CHAPTER 86 Combined Cytopenias and Leukoerythroblastosis
DEFINITIONS AND CLASSIFICATION
Combined cytopenias commonly result from decreased bone marrow production or, less frequently, from increased destruction or sequestration of circulating cells. Following are the definitions of several terms used throughout this chapter. Bicytopenia is a decrease in the numbers of two circulating blood cell lines (anemia and neutropenia, anemia and thrombocytopenia, or neutropenia and thrombocytopenia). If all three cell lines are affected (anemia, neutropenia, thrombocytopenia), this is called pancytopenia (from the Greek word pan, meaning “all”). In most cases, if anemia is present it is nonregenerative. If regenerative anemia occurs in association with other cytopenias, the cause usually is peripheral destruction of cells. Leukoerythroblastic reaction (LER) (or leukoerythroblastosis) refers to the presence of immature white blood cells (WBCs) and nucleated red blood cells (nRBCs) in the circulation (i.e., nRBCs and a left shift). In these cases the WBC count is usually high, but it can be normal or low.

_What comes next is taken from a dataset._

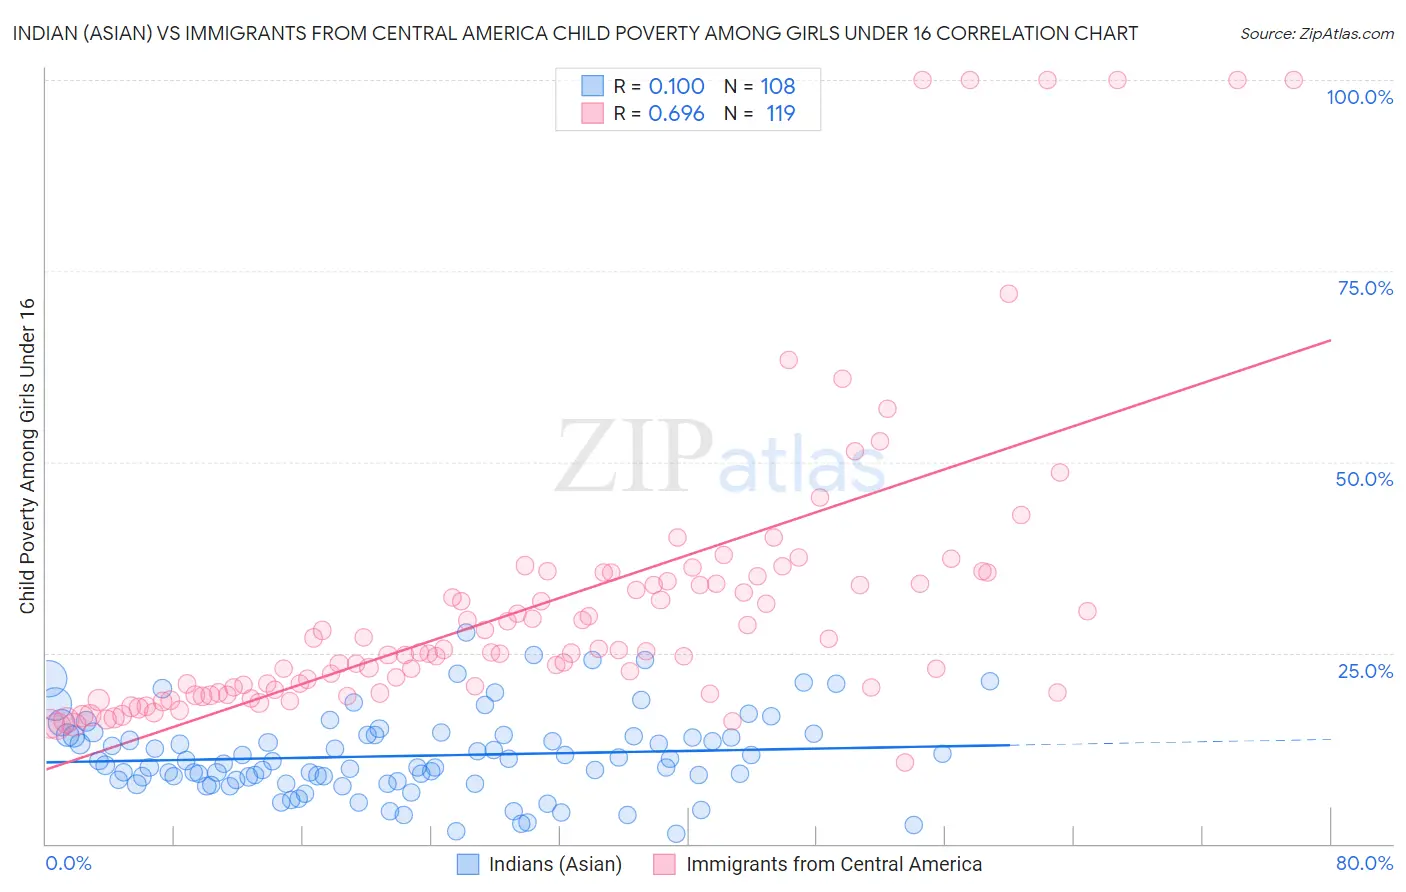 Indian (Asian) vs Immigrants from Central America Child Poverty Among Girls Under 16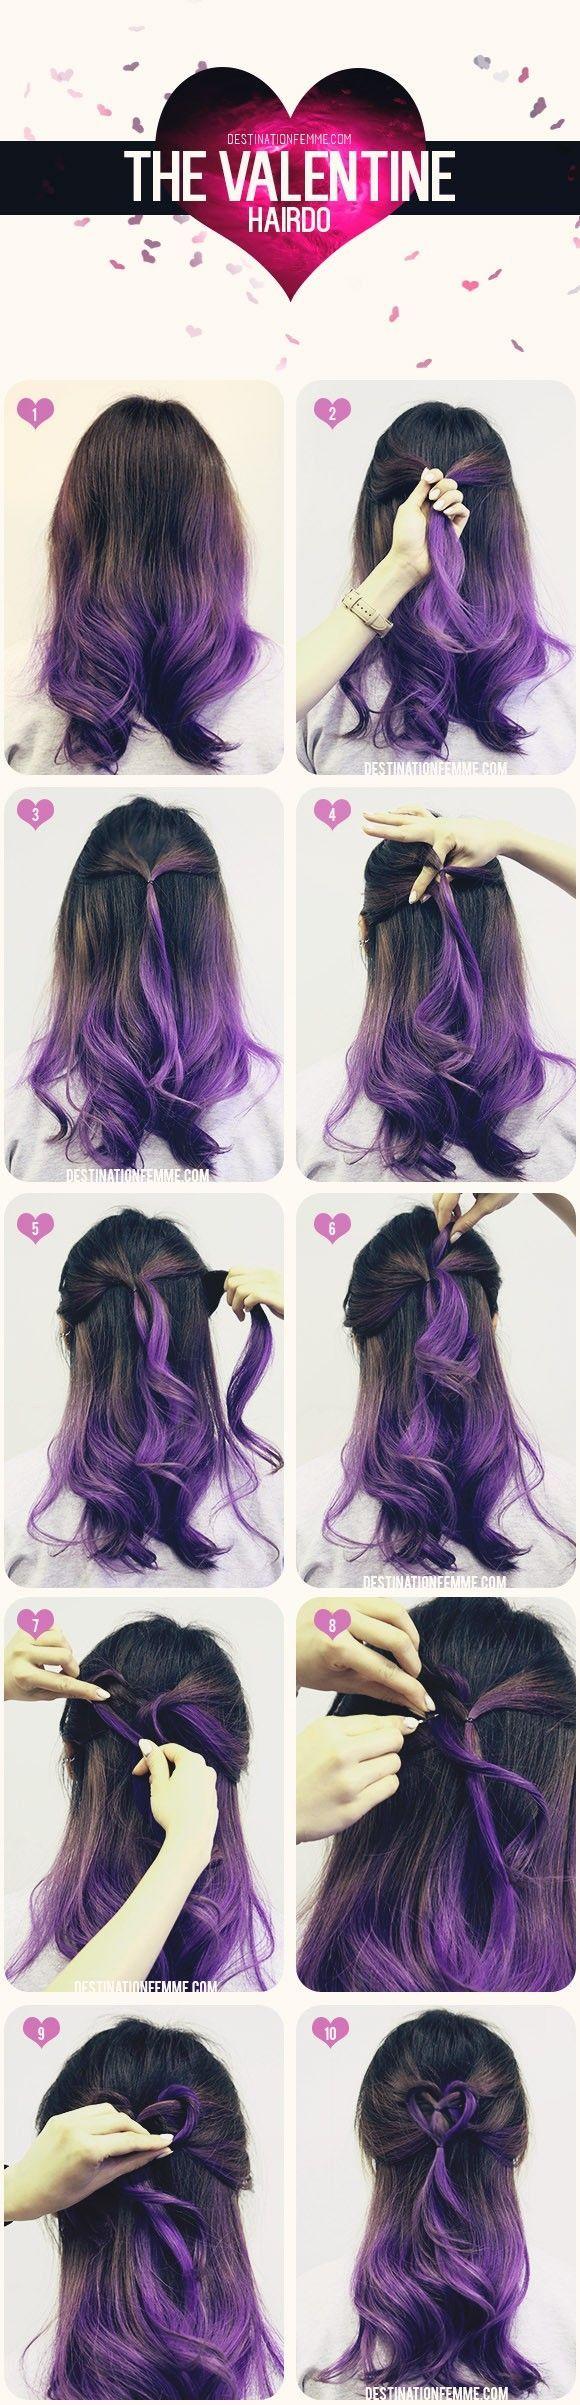 Wedding - 6 Hairstyles For Valentines Day

As mentioned, cytopenias can develop as a result of decreased production or increased peripheral destruction of the affected cell line(s). In general, bicytopenias and pancytopenias result from primary bone marrow disorders (i.e., there is a problem in the “cell factory”) (Box 86-1), although they may also result from peripheral blood cell destruction, such as what occurs in sepsis, disseminated intravascular coagulation (DIC), and some immune-mediated blood disorders.
BOX 86-1 Causes of Bicytopenia and Pancytopenia in Dogs and Cats
Common; relatively common; uncommon. DIC, Disseminated intravascular coagulation.FELV,Feline leukemia virus.
Decreased cell production
Bone Marrow Hypoplasia-Aplasia
Chemicals (e.g., benzene derivatives)
Estrogen (endogenous or exogenous)
Drugs (chemotherapeutic agents, antibiotics, anticonvulsants, colchicine, nonsteroidal antiinflammatories)
Infectious (parvovirus, FeLV, feline immunodeficiency virus, Ehrlichia canis, and plasmosis)
Bone Marrow Necrosis
Infectious disorders sepsis, parvovirus)
Neoplasms (acute and chronic leukemias, metastatic neoplasia)
LERs result from a variety of mechanisms (Box 86-2), but in general the presence of immature blood cells in the circulation is secondary to their premature release from the bone marrow or from other hematopoietic organs (spleen, liver). This premature release can result from (1) an increased demand for blood cells (e.g., hemolytic anemia, blood loss, peritonitis), resulting in a shorter transit time through the bone marrow compartments or extramedullary hematopoietic sites; or (2) the crowding out of normal bone marrow precursors (e.g., leukemia, bone marrow lymphoma). They may also be prematurely released from a site of extramedullary hematopoiesis (EMH) (i.e., spleen, liver) as a result of the absence of normal feedback mechanisms.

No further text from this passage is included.